--- ASSIGNED TASK ---
Transcribe the records below exactly as written, from the opening line through the line that contains "présentation infographique de".

--- SUPPLIED MATERIAL ---
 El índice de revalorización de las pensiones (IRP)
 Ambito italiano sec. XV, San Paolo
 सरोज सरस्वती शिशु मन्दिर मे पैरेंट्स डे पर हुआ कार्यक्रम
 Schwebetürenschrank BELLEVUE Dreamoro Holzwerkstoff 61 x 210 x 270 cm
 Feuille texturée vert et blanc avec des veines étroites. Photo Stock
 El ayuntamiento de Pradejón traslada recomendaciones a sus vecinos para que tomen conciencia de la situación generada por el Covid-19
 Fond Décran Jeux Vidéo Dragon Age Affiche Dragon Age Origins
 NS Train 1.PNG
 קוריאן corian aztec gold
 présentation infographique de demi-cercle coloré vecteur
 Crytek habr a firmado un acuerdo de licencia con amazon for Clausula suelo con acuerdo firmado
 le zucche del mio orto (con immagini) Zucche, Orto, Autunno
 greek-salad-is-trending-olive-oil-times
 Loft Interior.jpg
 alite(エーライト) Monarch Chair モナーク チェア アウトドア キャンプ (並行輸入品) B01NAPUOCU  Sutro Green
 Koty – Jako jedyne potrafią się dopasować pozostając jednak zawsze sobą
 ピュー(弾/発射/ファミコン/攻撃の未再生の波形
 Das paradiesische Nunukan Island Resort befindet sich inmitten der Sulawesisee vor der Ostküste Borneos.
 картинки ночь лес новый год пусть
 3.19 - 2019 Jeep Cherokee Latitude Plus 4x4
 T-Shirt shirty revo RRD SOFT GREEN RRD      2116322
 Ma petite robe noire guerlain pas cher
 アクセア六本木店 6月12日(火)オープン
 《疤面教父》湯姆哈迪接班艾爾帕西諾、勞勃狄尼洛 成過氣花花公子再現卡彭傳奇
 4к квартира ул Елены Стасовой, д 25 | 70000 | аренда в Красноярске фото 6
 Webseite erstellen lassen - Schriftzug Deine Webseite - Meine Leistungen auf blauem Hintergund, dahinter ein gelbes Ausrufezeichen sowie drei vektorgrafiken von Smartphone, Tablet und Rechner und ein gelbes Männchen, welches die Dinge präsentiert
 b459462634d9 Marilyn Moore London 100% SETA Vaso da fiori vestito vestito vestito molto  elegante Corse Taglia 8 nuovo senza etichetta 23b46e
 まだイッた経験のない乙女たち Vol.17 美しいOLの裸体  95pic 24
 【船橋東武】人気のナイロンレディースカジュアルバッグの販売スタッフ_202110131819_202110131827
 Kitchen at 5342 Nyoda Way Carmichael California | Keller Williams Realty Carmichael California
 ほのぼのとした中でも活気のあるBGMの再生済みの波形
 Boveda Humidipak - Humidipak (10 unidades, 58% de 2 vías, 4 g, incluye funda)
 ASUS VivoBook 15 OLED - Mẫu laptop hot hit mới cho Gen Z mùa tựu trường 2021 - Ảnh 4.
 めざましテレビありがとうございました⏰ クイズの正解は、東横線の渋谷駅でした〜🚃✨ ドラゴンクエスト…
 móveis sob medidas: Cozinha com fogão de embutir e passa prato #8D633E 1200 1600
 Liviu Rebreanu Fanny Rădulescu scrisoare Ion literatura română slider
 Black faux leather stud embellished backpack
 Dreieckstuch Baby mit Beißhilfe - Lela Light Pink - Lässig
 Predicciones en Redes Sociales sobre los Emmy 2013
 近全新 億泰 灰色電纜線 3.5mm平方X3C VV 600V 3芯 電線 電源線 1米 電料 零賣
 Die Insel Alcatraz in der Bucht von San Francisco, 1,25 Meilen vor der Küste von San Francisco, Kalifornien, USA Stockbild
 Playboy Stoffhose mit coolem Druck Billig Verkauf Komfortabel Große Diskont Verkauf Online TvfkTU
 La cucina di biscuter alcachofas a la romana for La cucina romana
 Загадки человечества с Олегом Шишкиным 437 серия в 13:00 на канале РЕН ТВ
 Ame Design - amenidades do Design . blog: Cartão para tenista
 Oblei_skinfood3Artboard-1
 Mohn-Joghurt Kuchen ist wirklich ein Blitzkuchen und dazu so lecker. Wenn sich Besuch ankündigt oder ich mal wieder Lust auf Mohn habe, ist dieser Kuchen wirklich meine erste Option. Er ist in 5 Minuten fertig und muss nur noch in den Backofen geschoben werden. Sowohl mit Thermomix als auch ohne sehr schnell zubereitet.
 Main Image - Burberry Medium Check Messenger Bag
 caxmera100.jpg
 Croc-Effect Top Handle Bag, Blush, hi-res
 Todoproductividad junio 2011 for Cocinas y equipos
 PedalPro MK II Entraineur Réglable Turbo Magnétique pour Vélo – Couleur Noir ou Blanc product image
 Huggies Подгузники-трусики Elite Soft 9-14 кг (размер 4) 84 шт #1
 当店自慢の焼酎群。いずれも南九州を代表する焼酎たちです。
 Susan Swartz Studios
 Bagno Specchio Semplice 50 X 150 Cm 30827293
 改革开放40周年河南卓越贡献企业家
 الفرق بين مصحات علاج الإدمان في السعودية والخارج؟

--- SOLUTION ---
 El índice de revalorización de las pensiones (IRP)
 Ambito italiano sec. XV, San Paolo
 सरोज सरस्वती शिशु मन्दिर मे पैरेंट्स डे पर हुआ कार्यक्रम
 Schwebetürenschrank BELLEVUE Dreamoro Holzwerkstoff 61 x 210 x 270 cm
 Feuille texturée vert et blanc avec des veines étroites. Photo Stock
 El ayuntamiento de Pradejón traslada recomendaciones a sus vecinos para que tomen conciencia de la situación generada por el Covid-19
 Fond Décran Jeux Vidéo Dragon Age Affiche Dragon Age Origins
 NS Train 1.PNG
 קוריאן corian aztec gold
 présentation infographique de demi-cercle coloré vecteur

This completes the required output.